If you want some more tips from people who love to restore stuff follow this form.

http://lumberjocks.com/topics/35888


----------



## Deycart (Mar 21, 2012)

Dont worry about getting it perfectly flat. You just need the very front the very back and the area right in front of the blade to be touching the wood. Everything else is not a big deal. It's not an English infill plane.

The best method for testing this is to use a feeler gauge and put the plane on something truly flat like a jointer or table saw.


----------



## crank49 (Apr 7, 2010)

Won't work after superglue, but I would have brazed that piece. 
The repair would have been stronger than the cast iron.


----------



## nes_matt (Jul 8, 2014)

Even if you flatten the bottom, the top side of the blade support is out of position. Send it back and try again. The 60 1/2 is a good plane. I just got one and it is a pleasure to use.


----------



## Deycart (Mar 21, 2012)

I agree, except on three points.

1) This plane is not worth the effort of a braze. 
2) Most wood workers don't have ready access to the equipment or know someone.
3) Brazing can introduce warping which is a pain to sand out (if you can) and depending on the material the braze it's self is almost impossible to remove while maintaining a flat bottom with out resorting to grinding and one miss-step and its in the trash or you are back to more brazing to fill in the gaps.

I have personal experience doing both. While I agree if you were working on a piece of machinery that was going to see several hundred board foot in a hour you should braze, but you are not going to be putting this tool to the same level of stress.
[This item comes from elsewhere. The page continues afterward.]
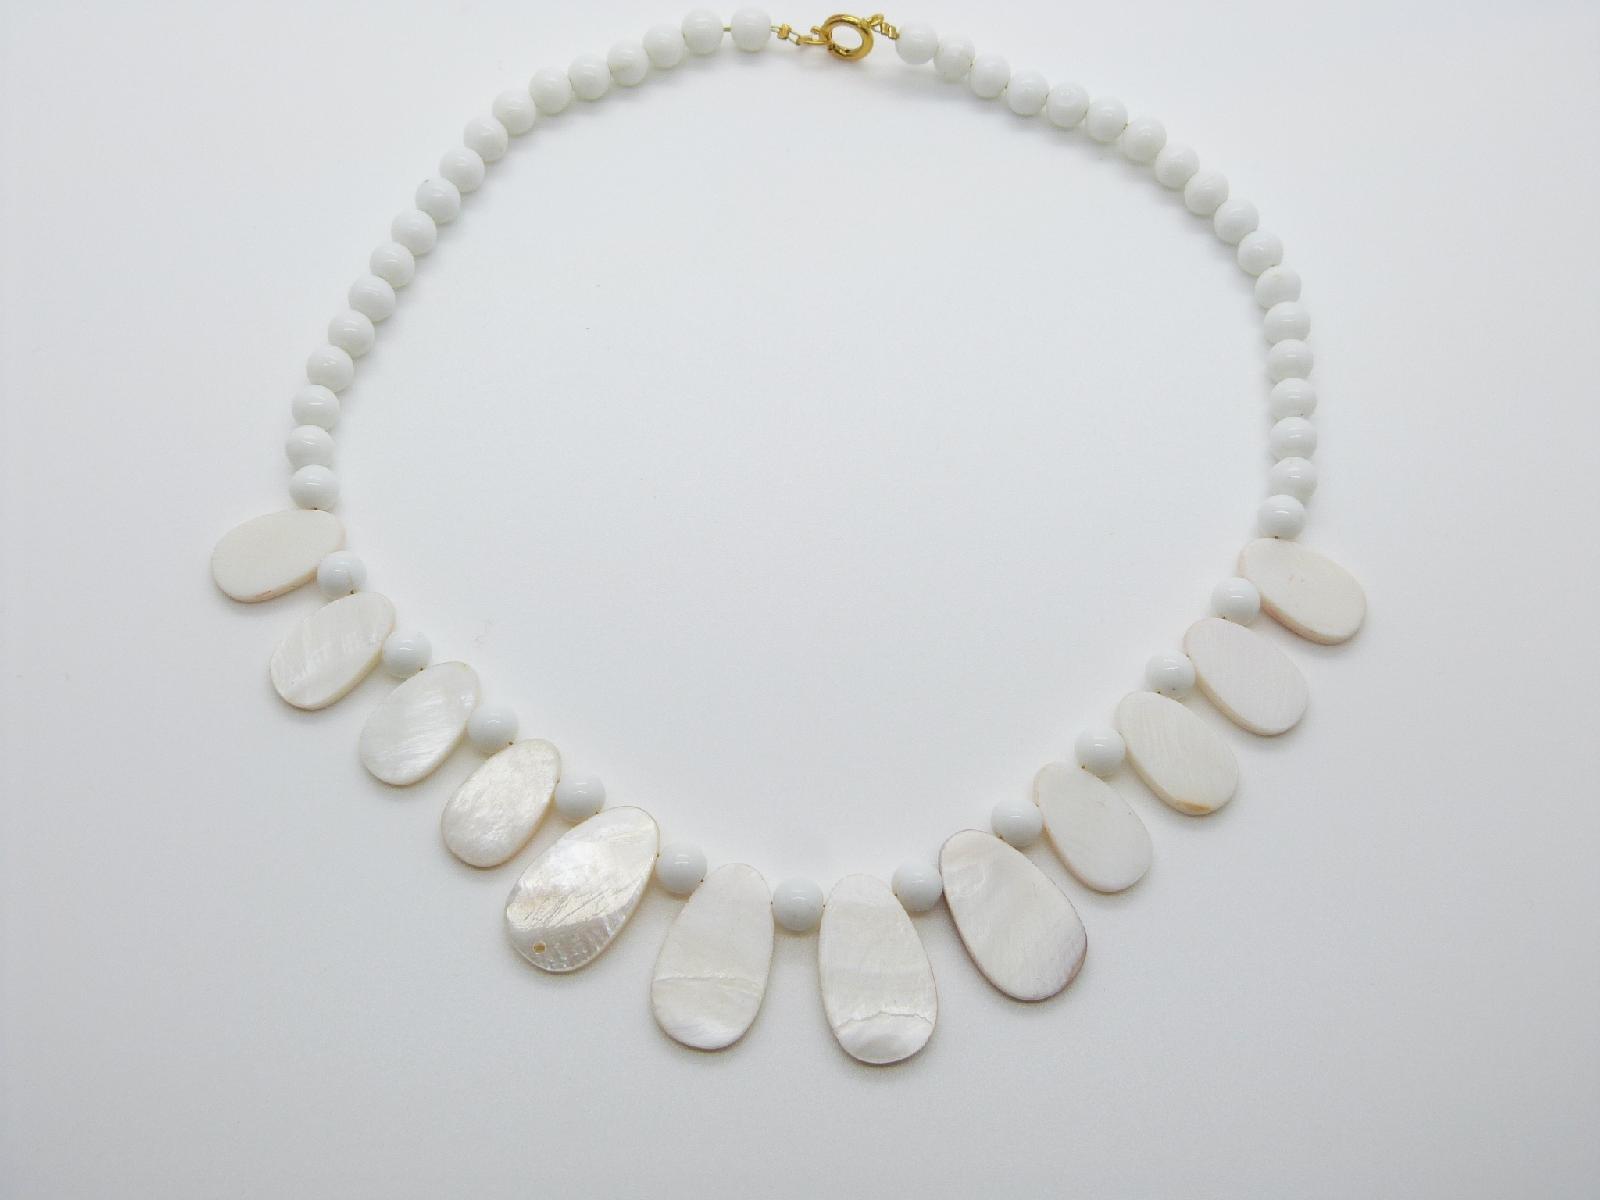 £14.00 - Vintage 50s White Glass and Mother of Pearl Drop Bead Necklace Stunning

This is a simple quick cheap effective fix. He now has a tool that he can "cut his teeth on" without resorting to spending a mint.


----------



## Crank50 (Jan 31, 2014)

Didn't say brazing was everybody's solution, but I braze, solder, and weld every day being a jeweler.
It is not that hard, or expensive to learn, but I understand some people are not comfortable with it.
Hardest part is finding the correct flux, and knowing which alloy to use.


----------



## donwilwol (May 16, 2011)

I have nothing to do with this listing, but stumbled on it and thought of this thread,

http://www.ebay.com/itm/Stanley-no-60-1-2-Plane-Part-Low-Angle-Body-and-Adjuster-screw-only-No-slider-/301290656991?pt=LH_DefaultDomain_0&hash=item46265294df


----------



## notdan (Aug 12, 2014)

Thanks Don!


----------



## TobyC (Apr 7, 2013)

You need to jump all over that!


----------